How human feedback actually steers TTS fine-tuning

Notes on the iteration loop we ran while fine-tuning F5-TTS and StyleTTS2 on a small Northern English corpus. The headline finding is that the listening test isn’t optional polish at the end — it’s the only measurement that catches the failure modes that matter, and each round of listening produces specific phonetic observations that map to specific engineering decisions.

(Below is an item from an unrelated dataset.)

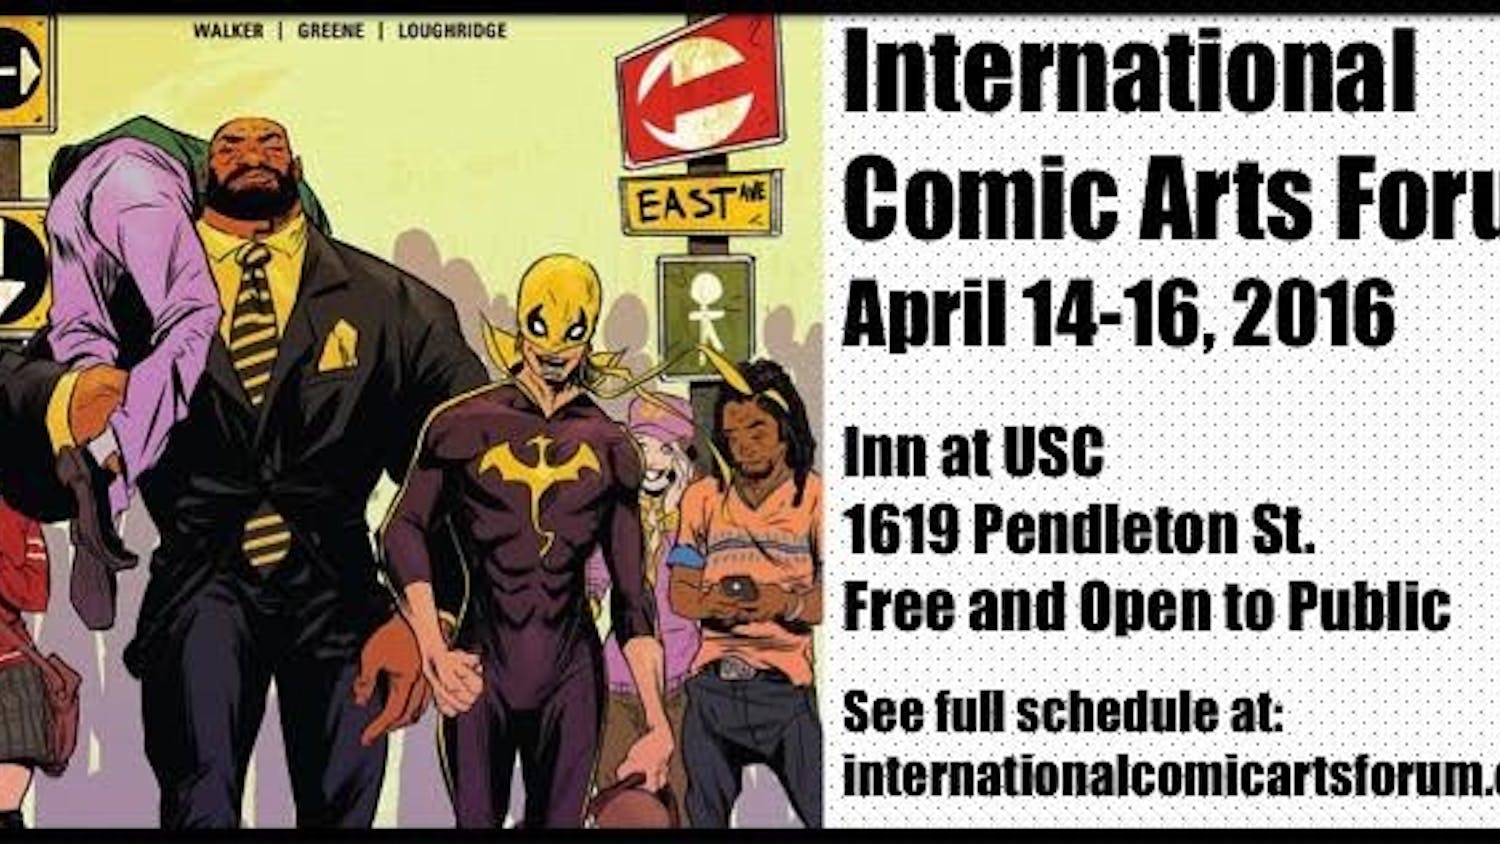 The International Comic Arts Forum strives to educate the public about the art of comics and promote this medium.

This is a write-up of the methodology, with the concrete examples that forced each decision.

The loop

        ┌────────────────────────┐
        │  render passage        │
        │  (baseline + ft)       │
        └──────────┬─────────────┘
                   ▼
        ┌────────────────────────┐         a feature is "right" if a native
        │  human listens against │         speaker recognises it. Record both
        │  marker list (BATH,    │  ◀───── what's working AND what's broken;
        │  FOOT-STRUT, …)        │         both are signal.
        └──────────┬─────────────┘
                   ▼
        ┌────────────────────────┐         translate audible features
        │  diagnose: why is the  │         to training-side cause:
        │  output the way it is? │  ◀───── · missing accent → under-trained
        └──────────┬─────────────┘         · right accent + glitches → over-trained
                   ▼                       · wrong accent → data or LR direction
        ┌────────────────────────┐         specific knobs:
        │  pick next training    │         · lr ↑/↓ (drift per step)
        │  move                  │  ◀───── · epochs ±N (cumulative drift)
        └──────────┬─────────────┘         · earlier ckpt (rewind)
                   ▼                       · data filter (cleaner signal)
              [iterate]

The verdict-to-action mapping

Listening verdict	What it implies physically	Engineering response
“No discernible difference from baseline”	Cumulative weight drift Σ lr·grad too small. Either lr too low, scheduler decayed it to ~0, or epochs too few.	Increase lr or remove decay; add epochs.
“Accent is right but specific words mangled / dropped / truncated”	Late-epoch overfitting on training-corpus pace or timing. Crossed from “learning the distribution” to “memorising peculiarities of small corpus”.	Step back: pick an earlier checkpoint, or continue at lower lr.
“Accent is wrong direction (e.g. American instead of Northern)”	Training data misattributed, or model pulled toward different distribution than expected.	Audit data: manifest pointing at right speakers? Diarisation clean? Speaker IDs correct?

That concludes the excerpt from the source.